Check the samples from the saved response with the objective function included to manually validate the minimization. Note: The QUBO value does not change because it represents the penalty-only QUBO and not including the objective function.

In [38]:

check_result(get_results(penalty_only_response), objective)

Out [ ]:

QUBO value: -6
Times sample found 3
Objective Function value: 168.71485354205467
Selected Sets
S_2 S_6 S_7 
Set coverage 100.0%
Partition found: True
QUBO value: -6
Times sample found 2
Objective Function value: 64.79973097220724
Selected Sets
S_1 S_5 S_8 
Set coverage 100.0%
Partition found: True

Conclusion

In this tutorial, we have demonstrated how to solve the set partitioning problem on our Dirac-1 device.
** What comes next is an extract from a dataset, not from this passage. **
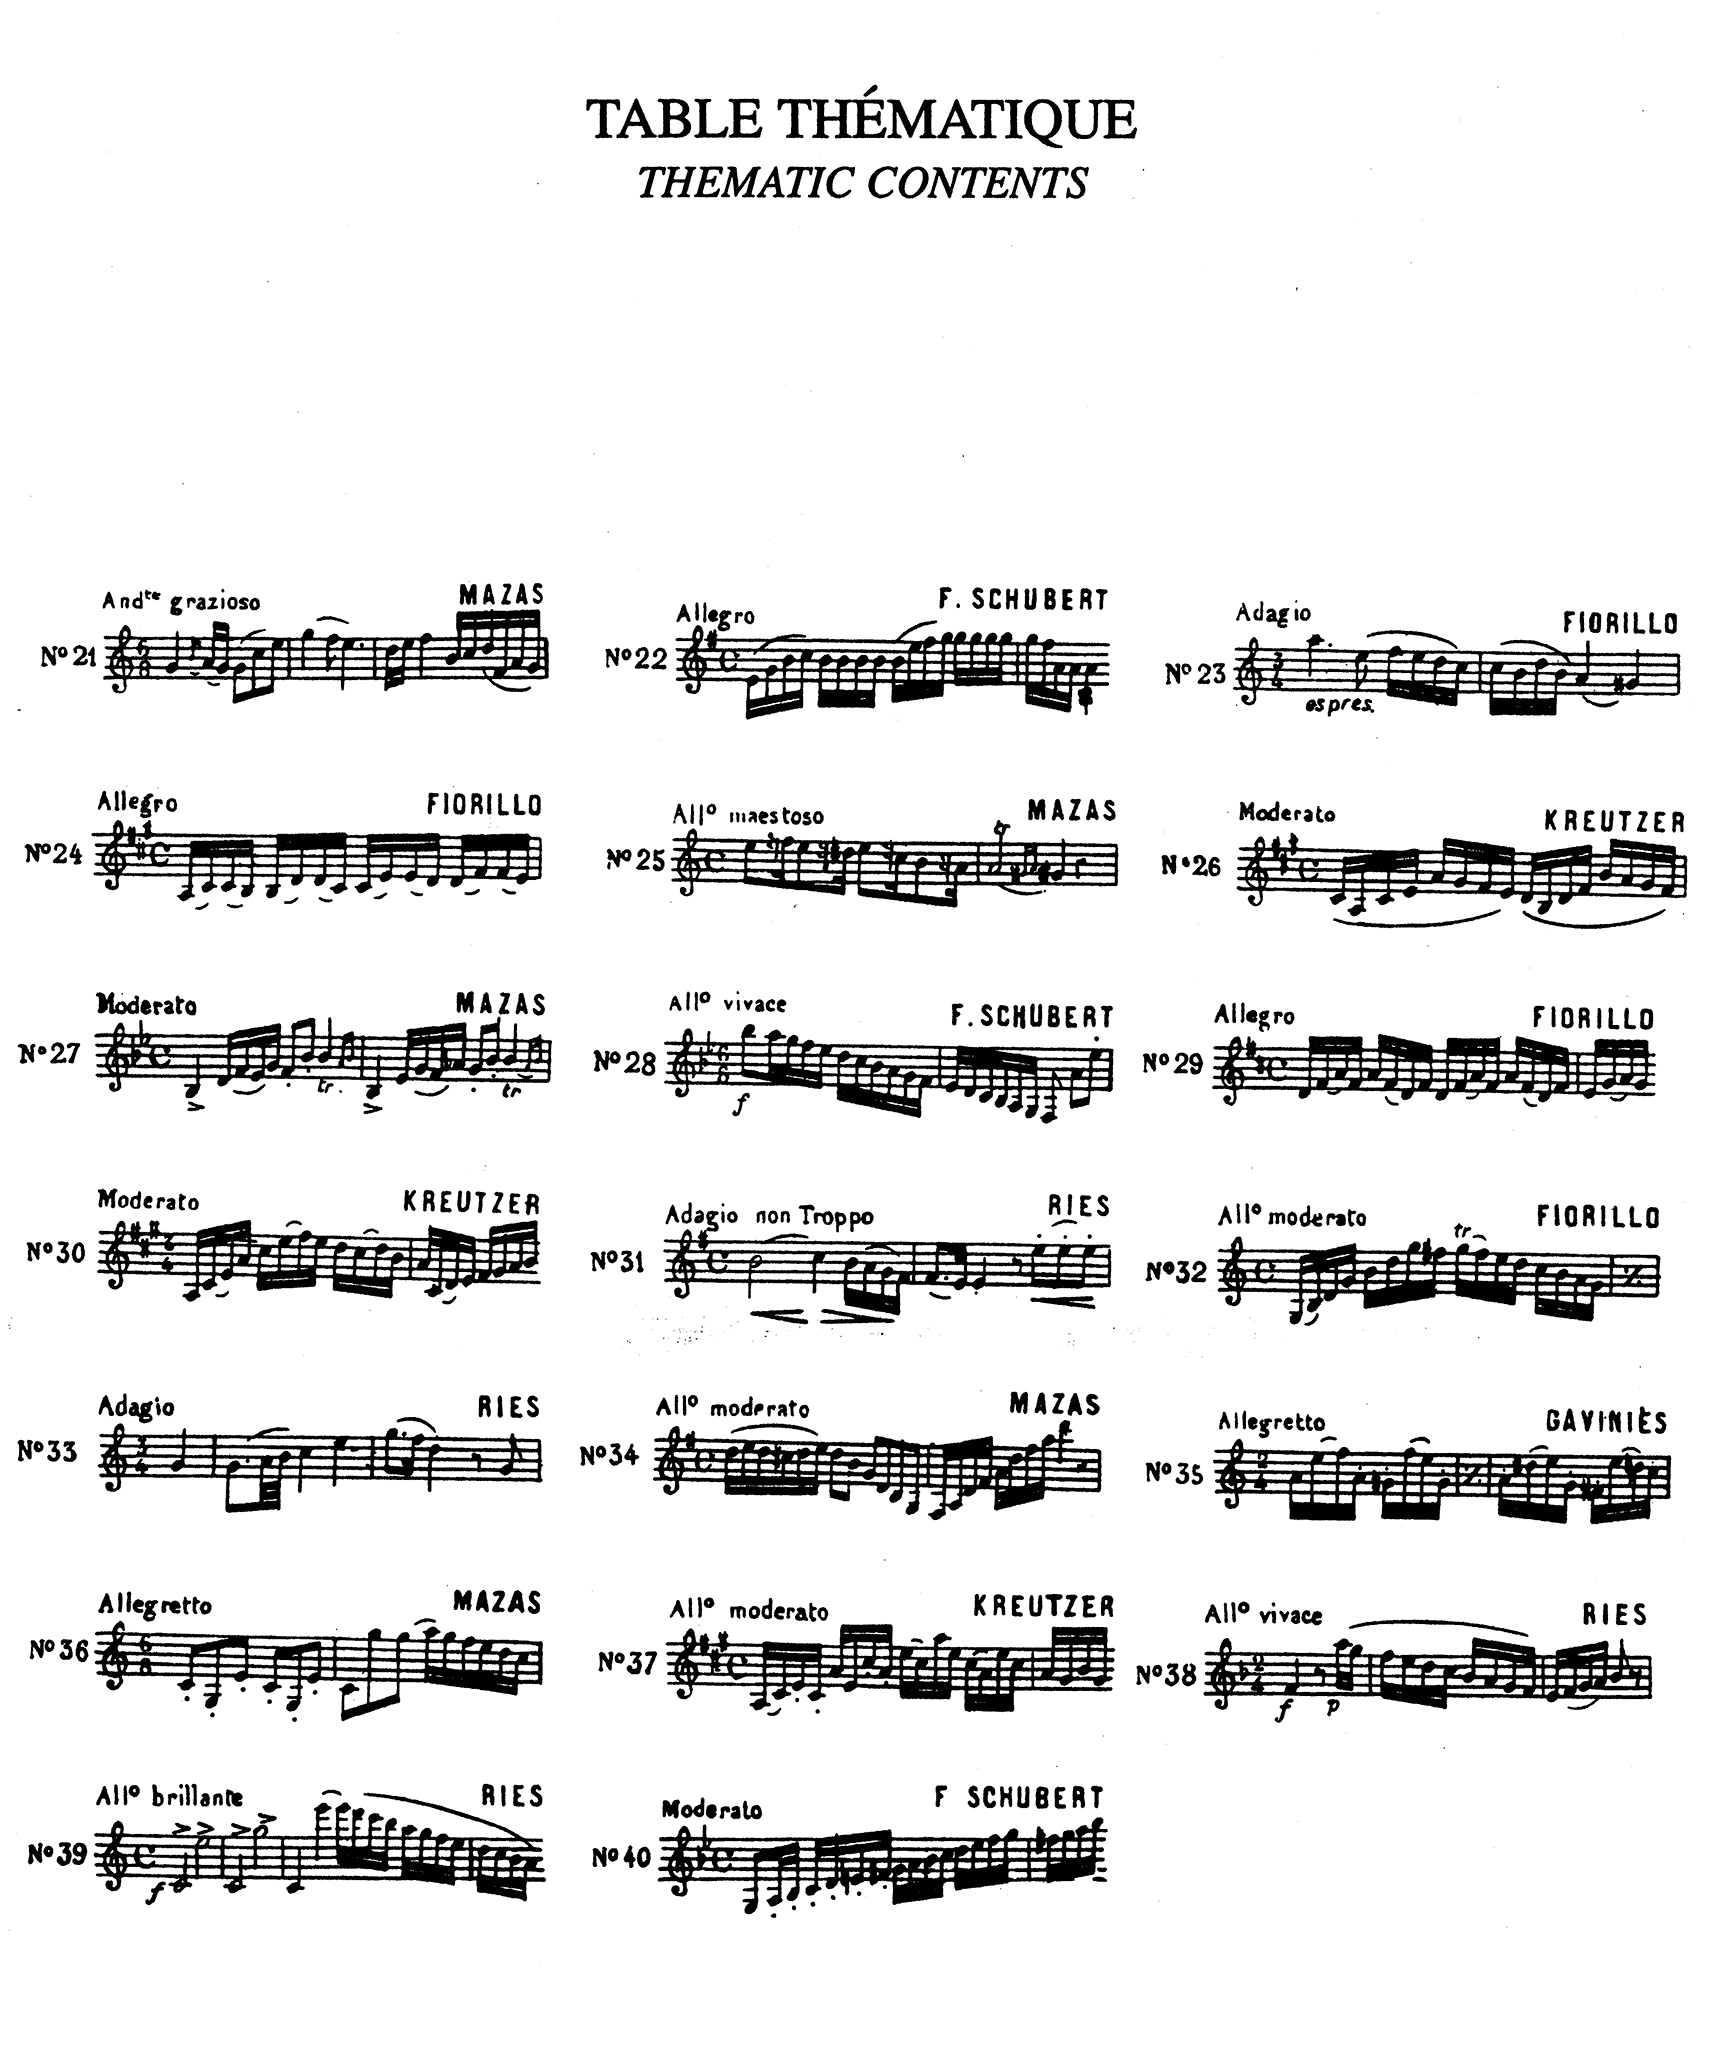 40 Etudes for Clarinet, Book 2 of 2 Thematic index

Unlike other tutorials, we have explicitly demonstrated how to construct the constraints in a quadratic setting. A useful next step is to continue learning about quadratic linearly constrained binary optimization and to attempt some of the tutorials linked there, which use software to construct the constraints automatically. An alternative path is to look into quadratic unconstrained binary optimization, where the implementation of constraints is not necessary. Of course, another option is to start using our device to solve some of your own optimization problems.